Date of Award

Spring 5-12-2024

Author's School

College of Arts & Sciences

Author's Program

International and Area Studies

Degree Name

Bachelor of Arts (A.B.)

Restricted/Unrestricted

Unrestricted

Abstract

Expressions of Pakistani identity are presently being flattened out by both the state and global West, dominantly being explored through religion. This project argues that gender is used domestically and internationally to present a multifaceted resistance to the state’s idea of the national identity. This project interrogates the creation of global Pakistani identity through examining the historical antecedents in imagining Pakistan, resistance to the state’s identity- construction process demonstrated in performing Pakistan, and transnational expressions of identity. This project argues that gender, while leveraged by the state in a top-down construction of national identity, has been used bottom-up to reconfigure national identity.

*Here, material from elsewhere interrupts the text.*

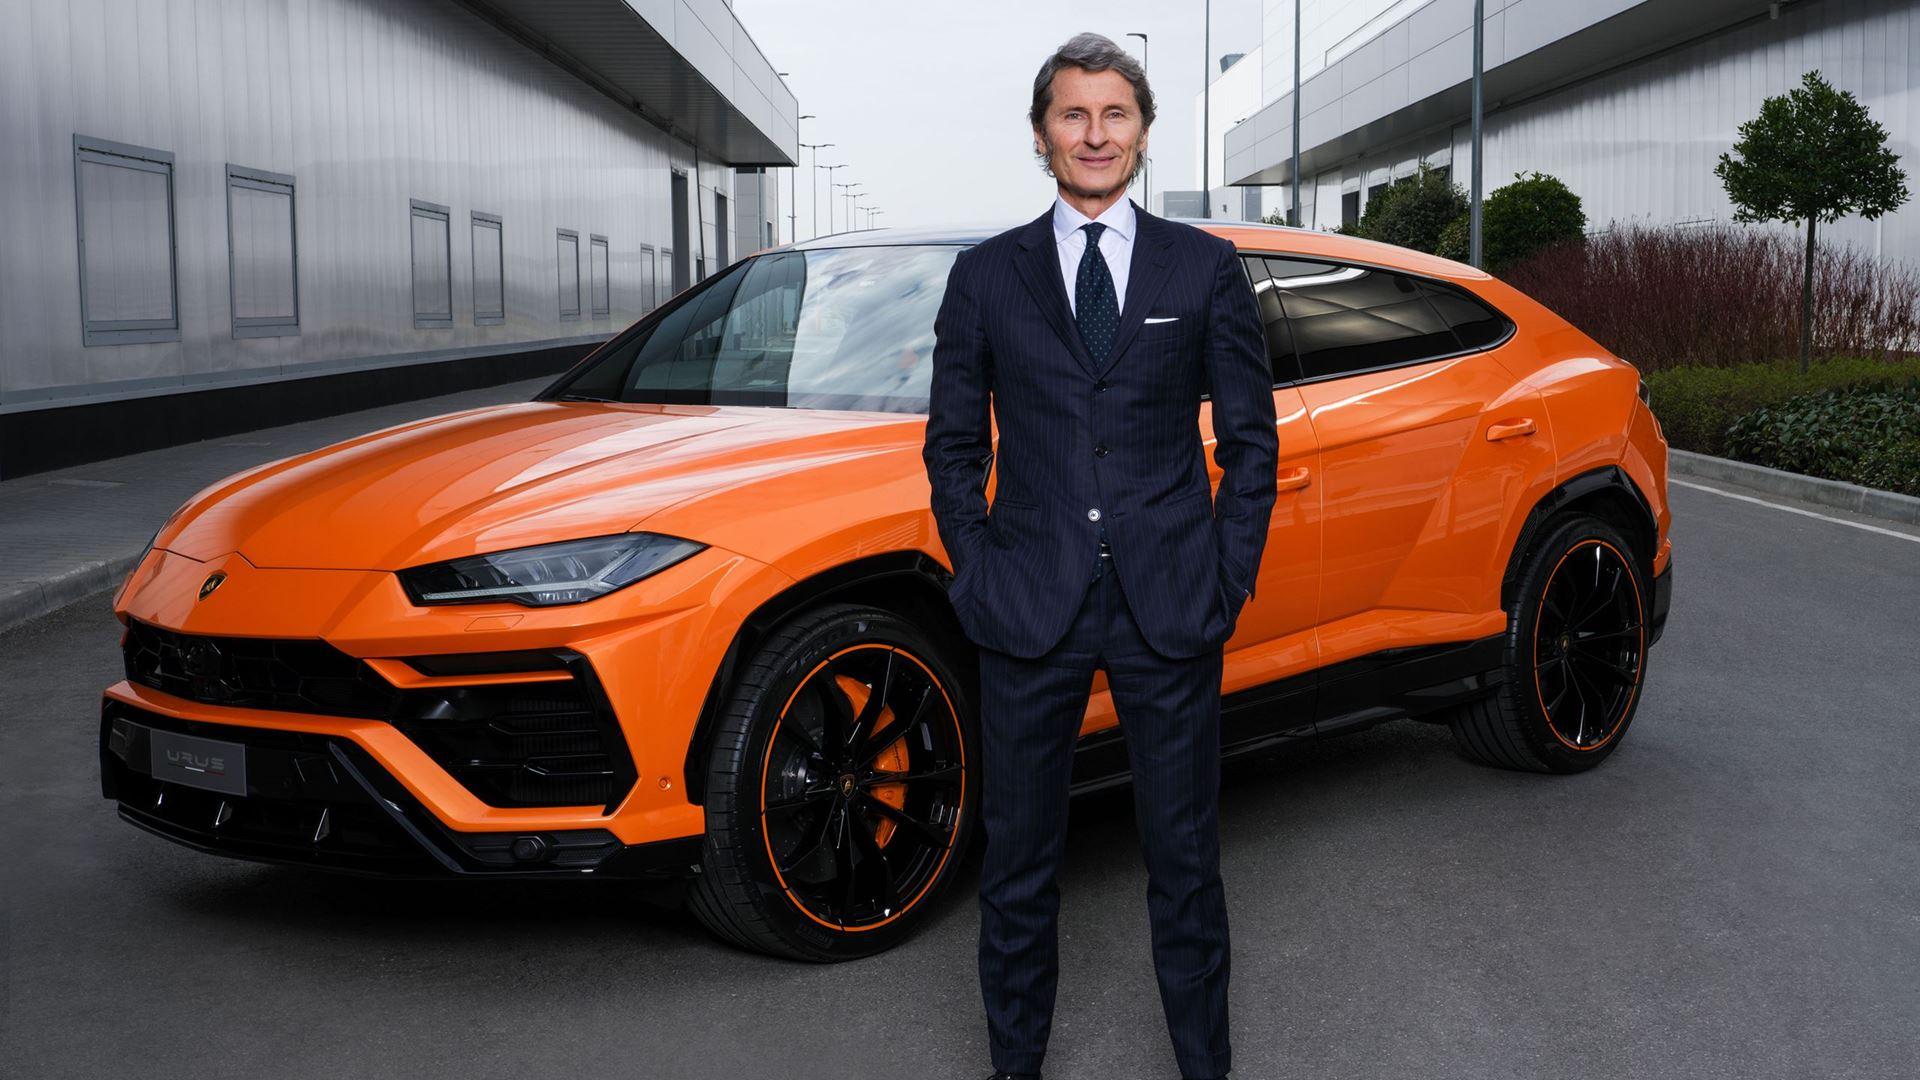 Automobili Lamborghini: sales soaring, record first quarter - Image 8

To demonstrate this, this project offers historical developments in the Pakistani state and nation, analyses of two performances of Pakistani identity: “Hum Dekhenge,” performed against the backdrop of the Zia regime, and “Joyland,” a film released in 2022, banned-and-unbanned by the state, and an exploration into how gender is expressed in Pakistani identity. To support this argument, this project utilizes publicly available secondary and primary sources and independently conducted oral histories from London and Lahore. Overall, this project shows how gender, from the bottom-up, complicates an otherwise simplistic national identity.